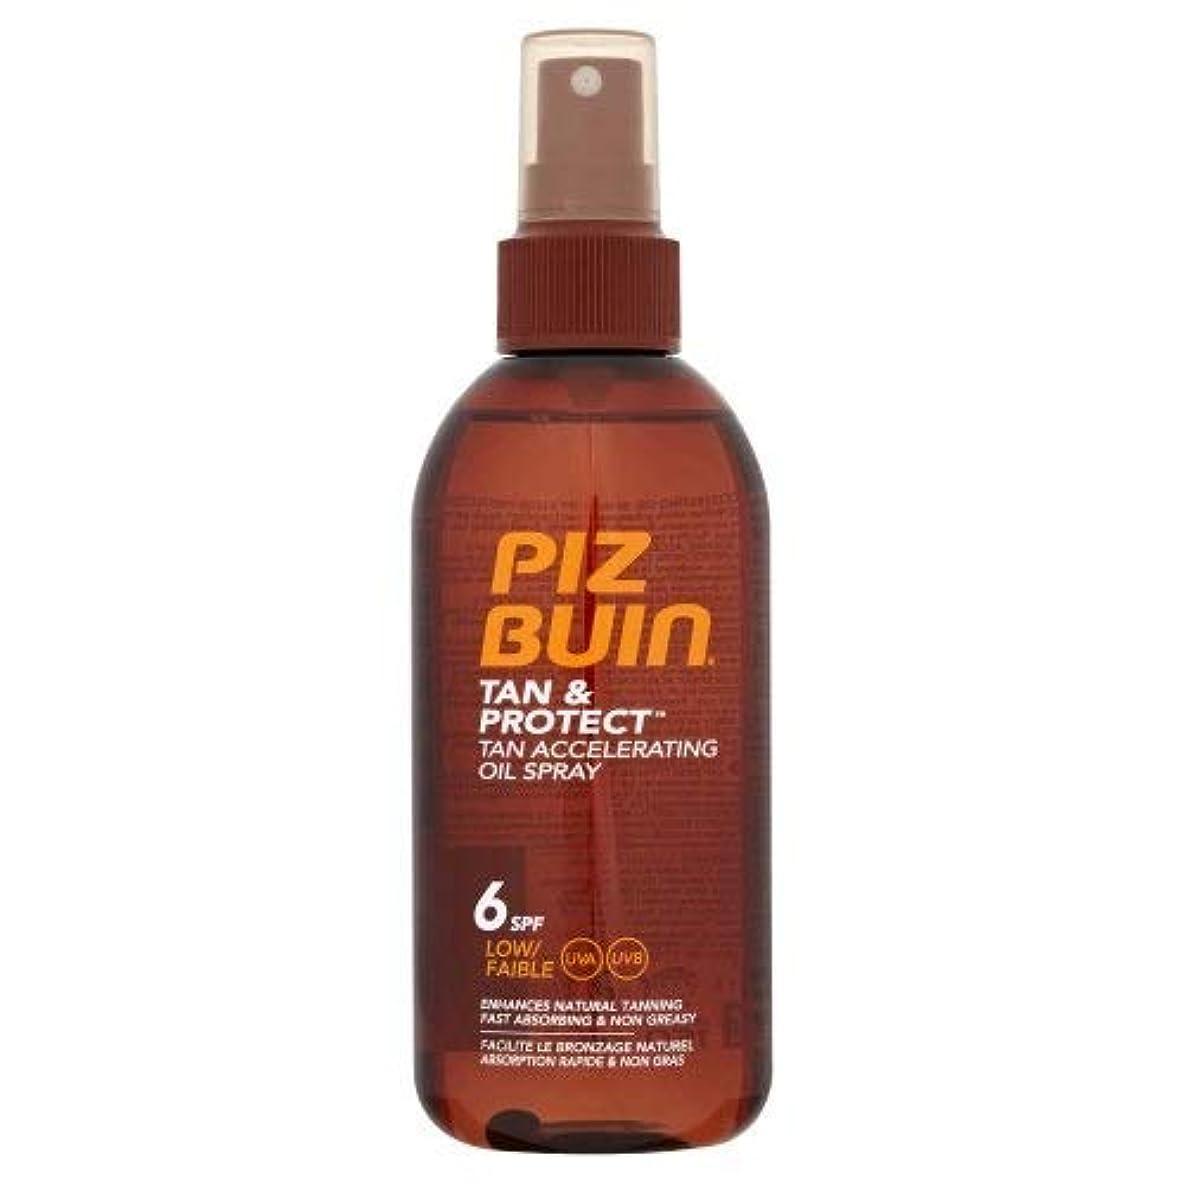 行歪める風味Piz Buin - ピッツブーインTAN&PROTECT SPF6オイルスプレー150ミリリットル - 【並行輸入品】
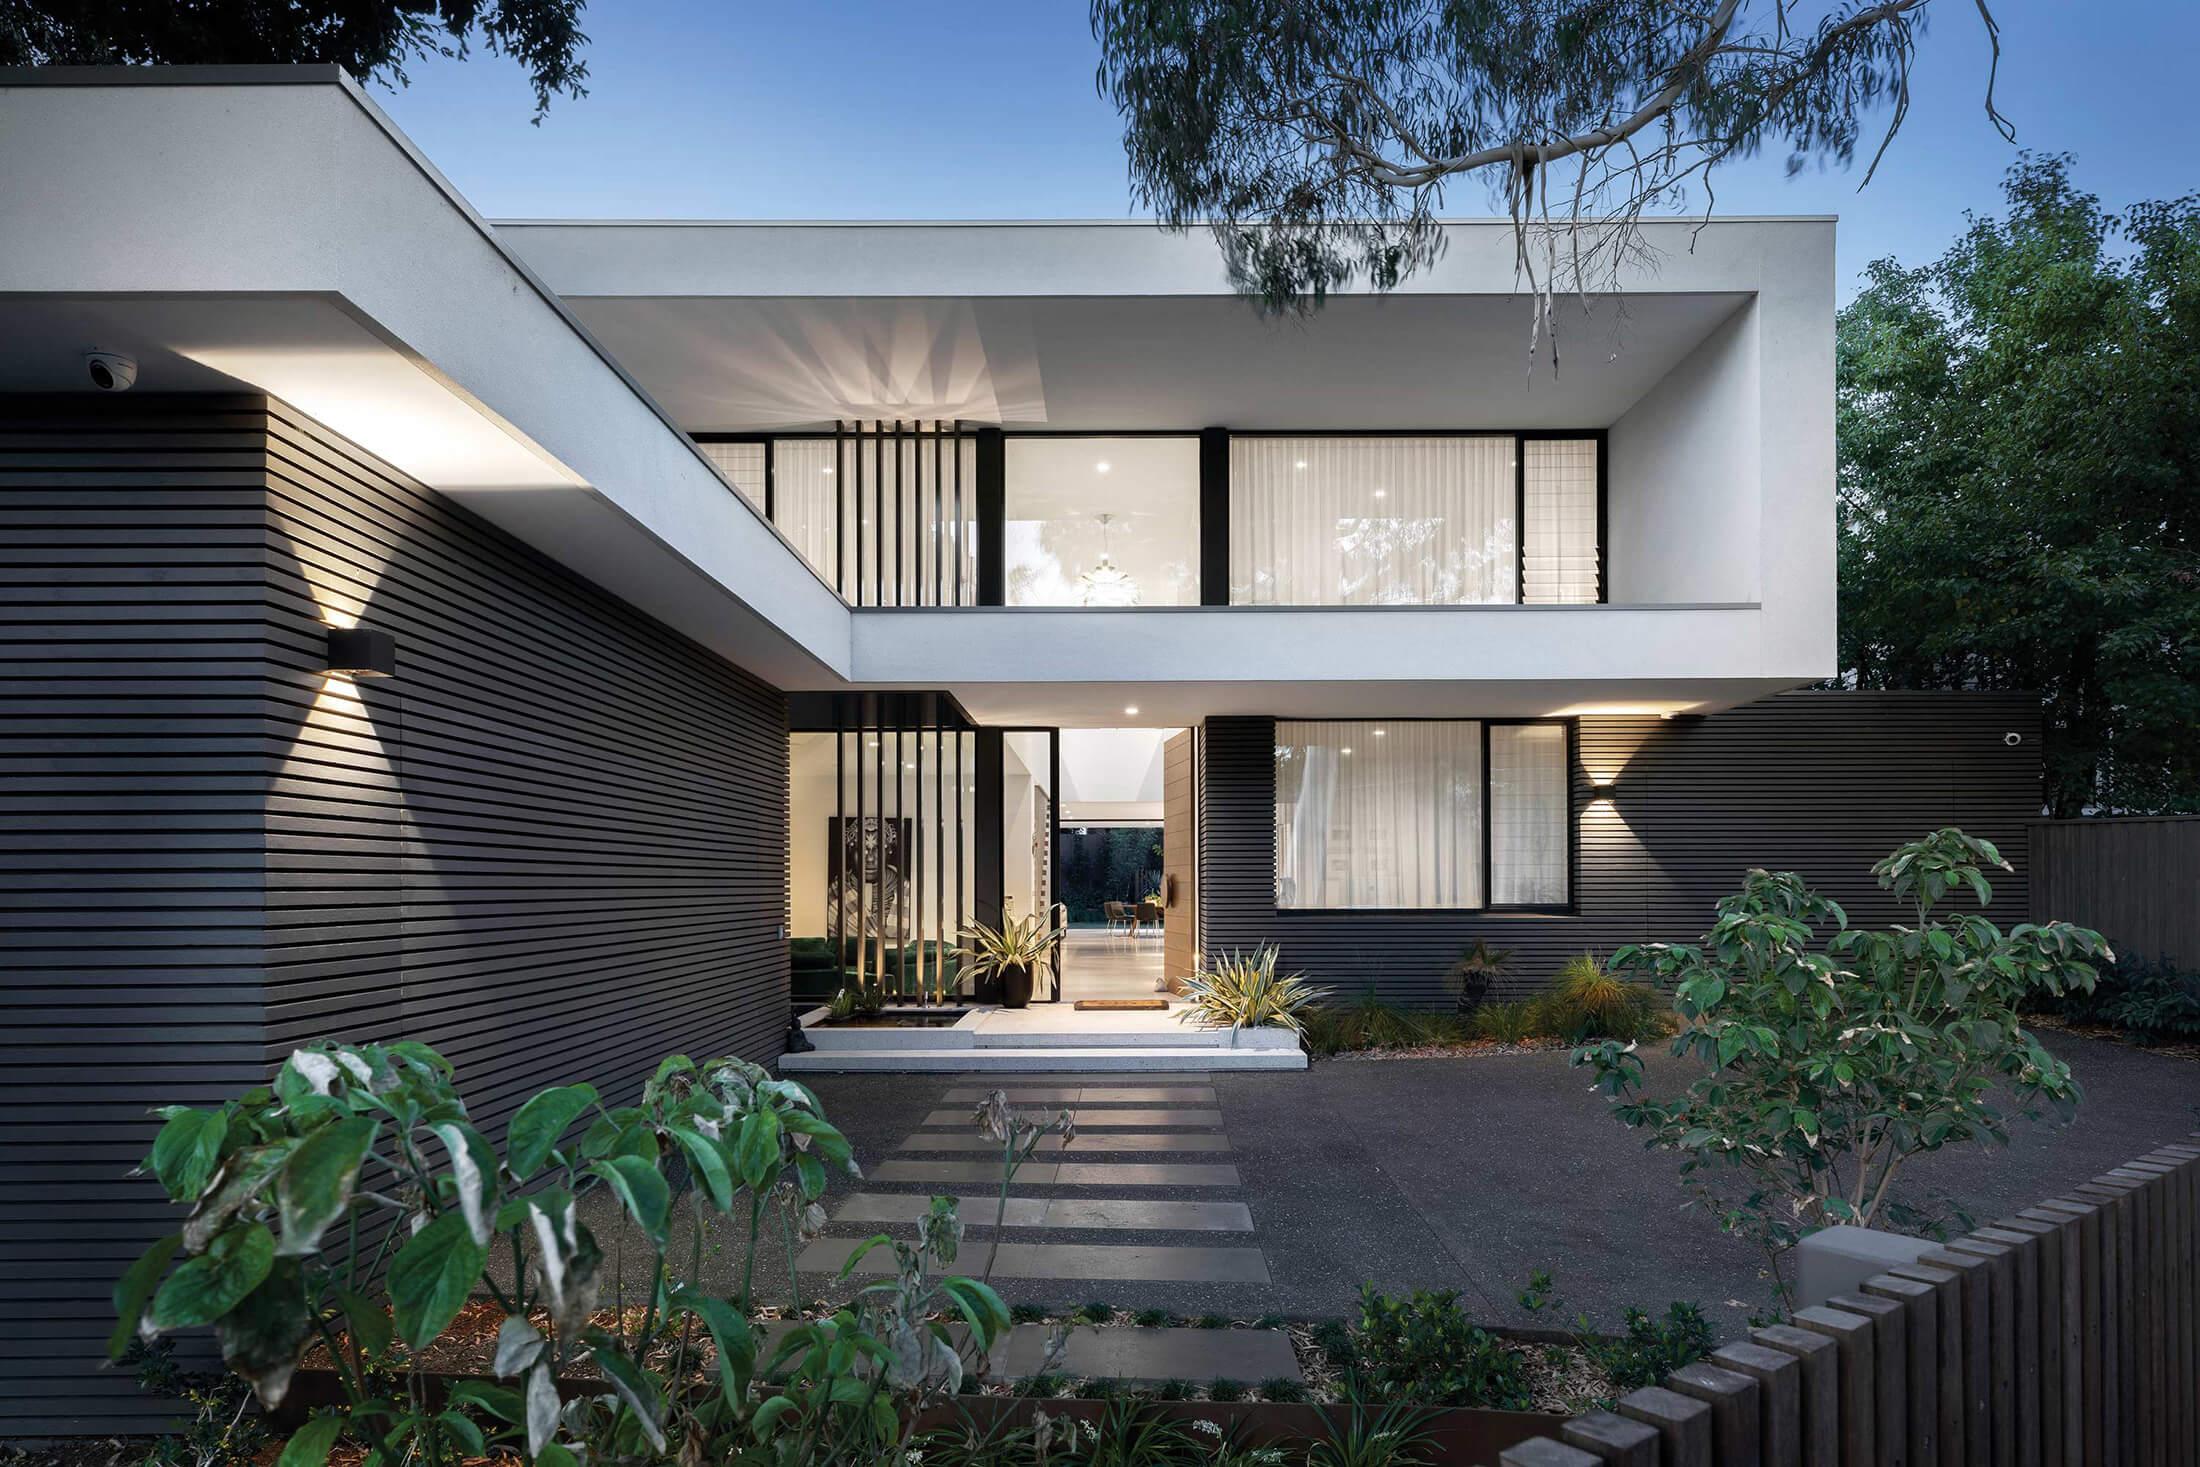 Facade of new modern home
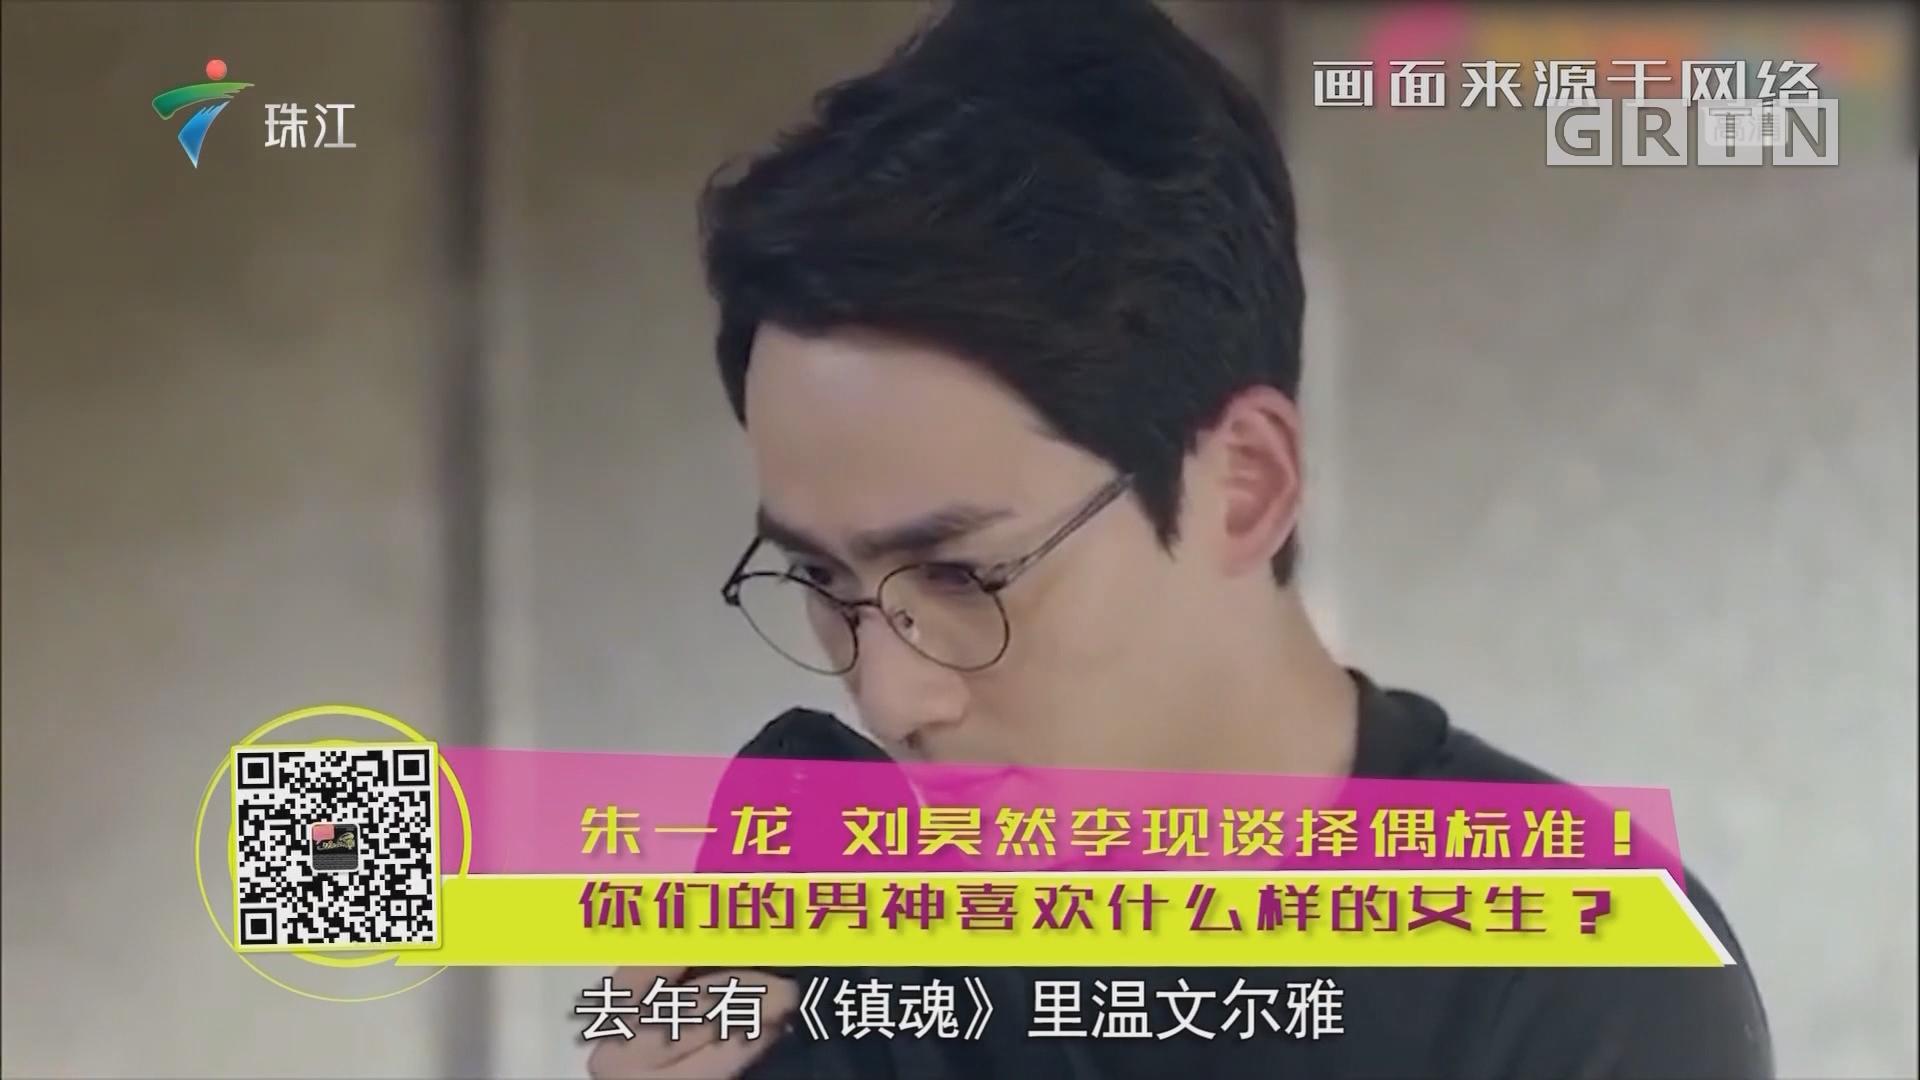 朱一龍 劉昊然李現談擇偶標準!你們的男神喜歡什么樣的女生?
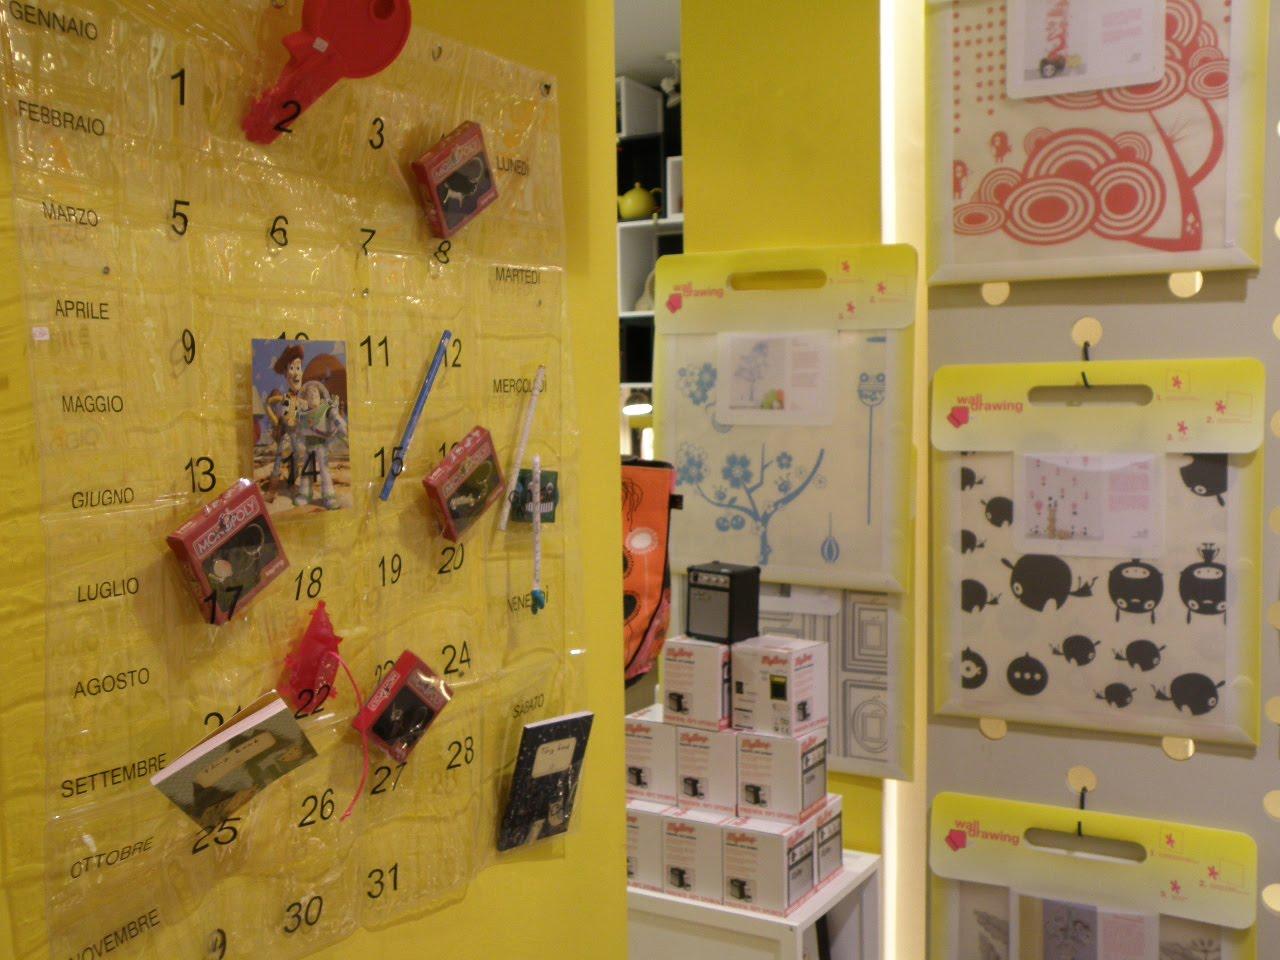 Fabrica features bologna arredamento di interni 2 for Arredamento interni bologna
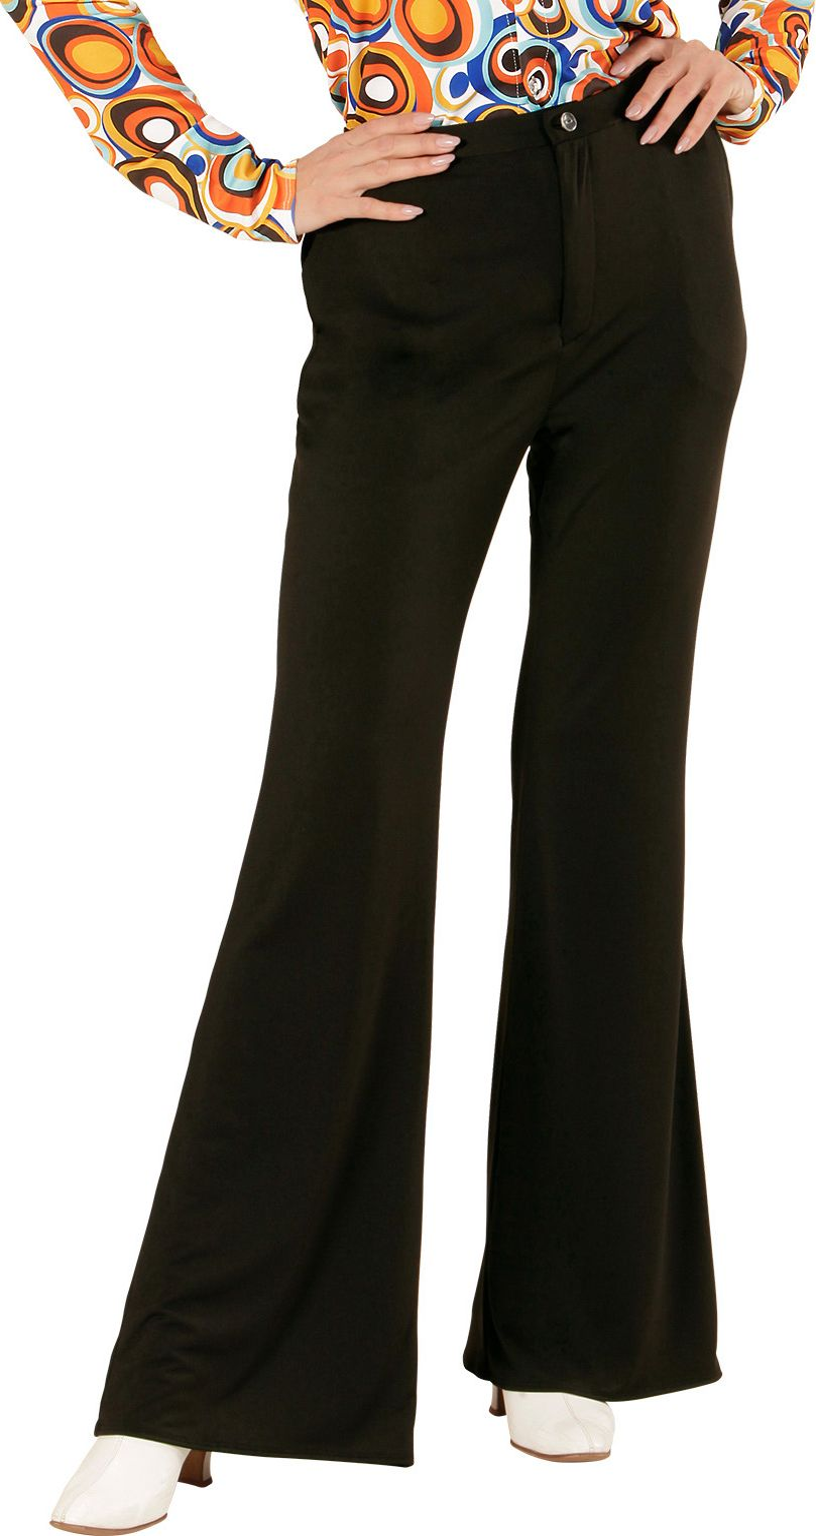 70s broek dames zwart
· · · · · · ·
- Task directions -
Leaving the pictures behind, return every line above exactly.

- Answer to this problem -
 行歪める風味Piz Buin - ピッツブーインTAN&PROTECT SPF6オイルスプレー150ミリリットル - 【並行輸入品】
 Facade of new modern home
 朱一龍 劉昊然李現談擇偶標準!你們的男神喜歡什么樣的女生?
 Fabrica features bologna arredamento di interni 2 for Arredamento interni bologna
 70s broek dames zwart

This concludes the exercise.